■ **Problem statement**: Repeat the listing below line by line, exactly, leaving its pictures behind.
*** Opening Given information ***
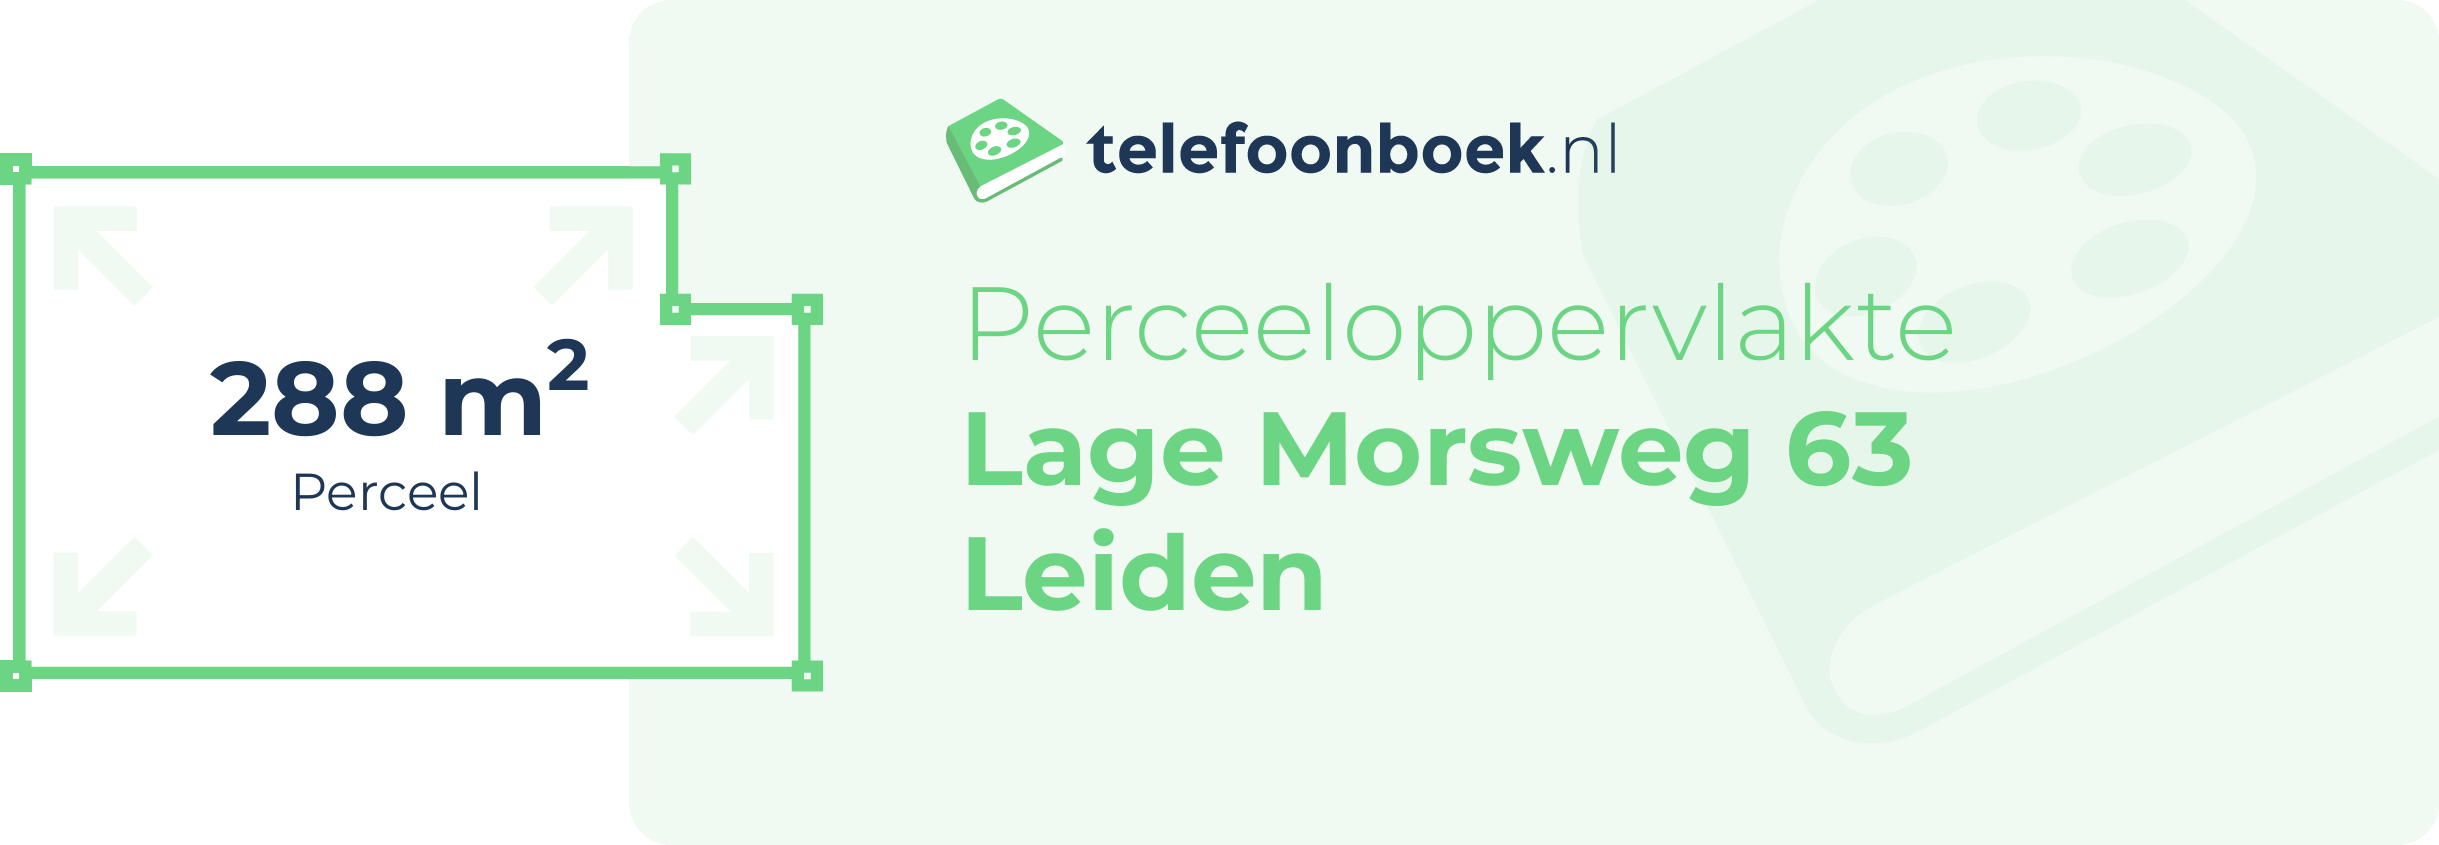 Perceeloppervlakte Lage Morsweg 63 Leiden
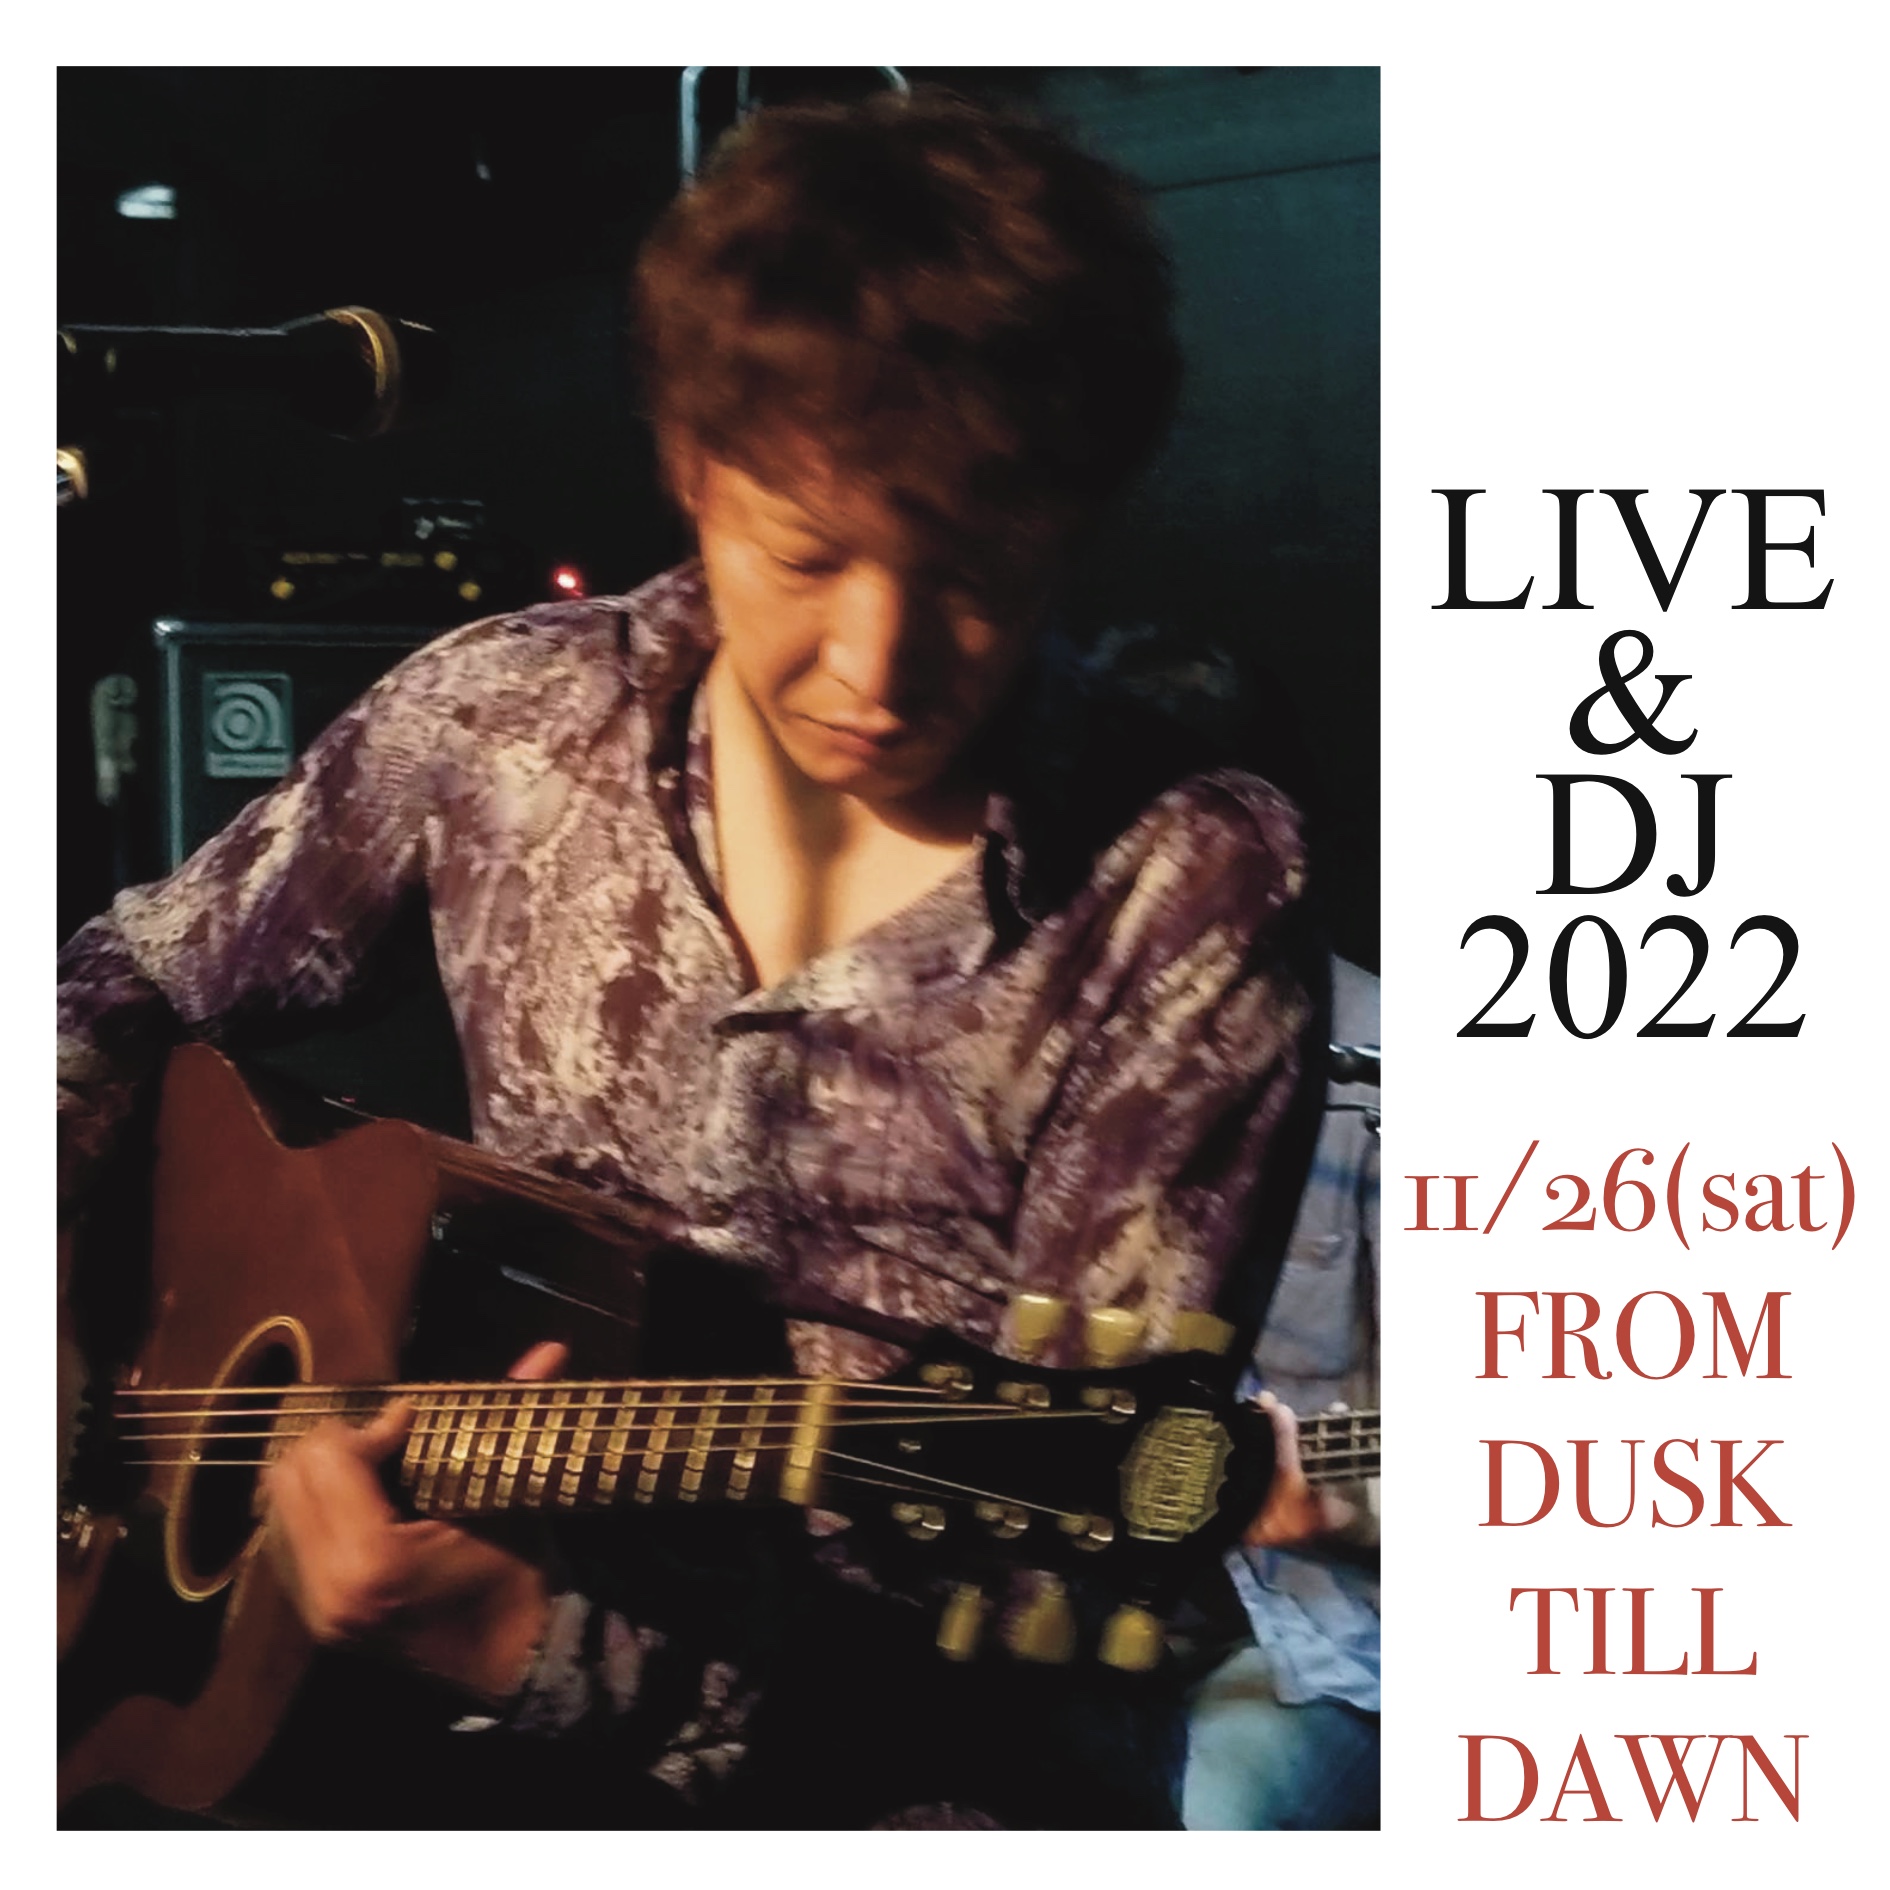 LIVE & DJ 2022
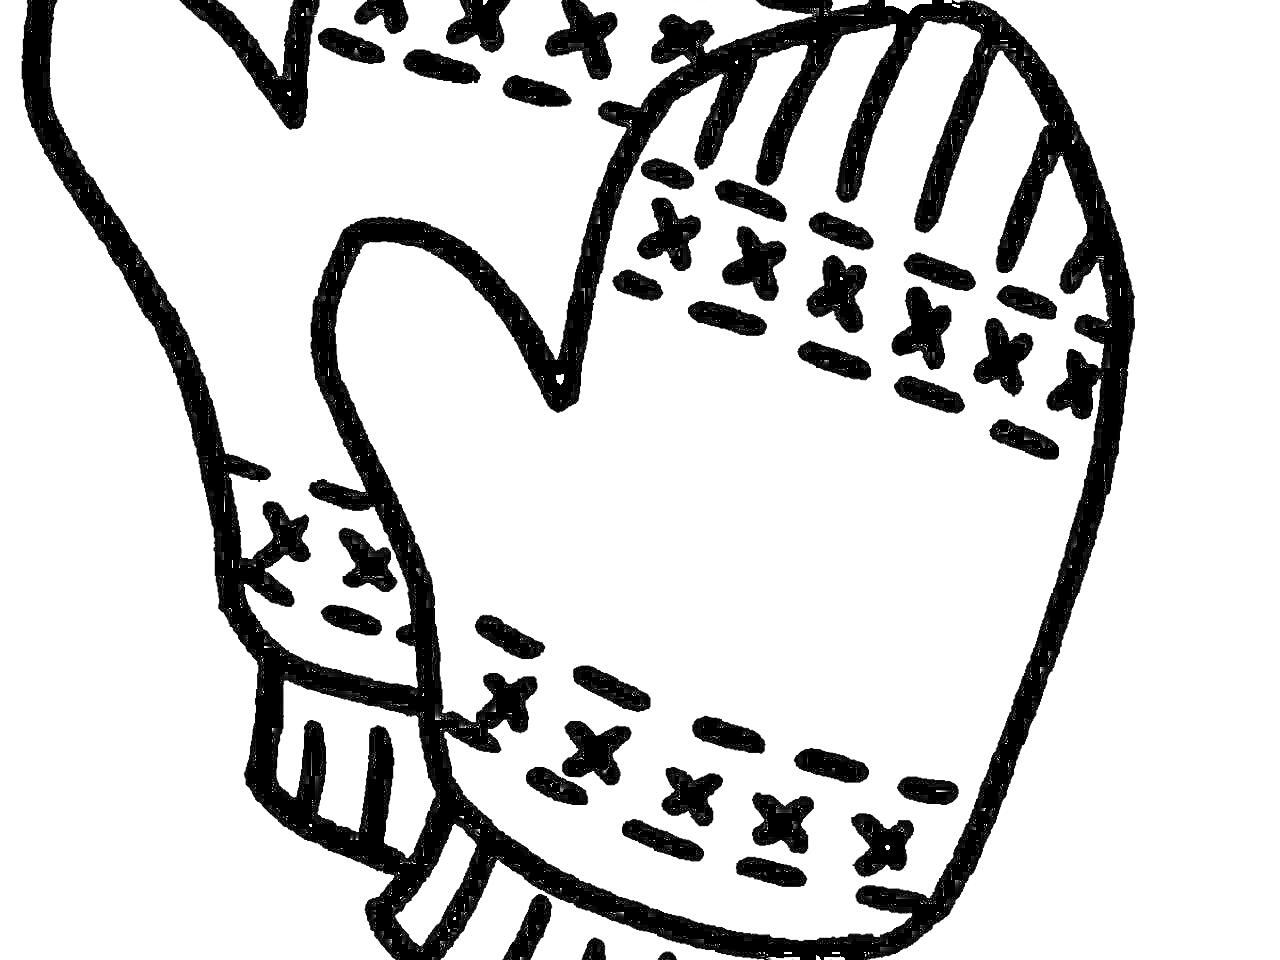 Варежки с узорами (две варежки с рисунком крестиков и полосок)
*** Closing Given information ***
■ **Solution below**:
 Perceeloppervlakte Lage Morsweg 63 Leiden
 LIVE & DJ 2022
 Варежки с узорами (две варежки с рисунком крестиков и полосок)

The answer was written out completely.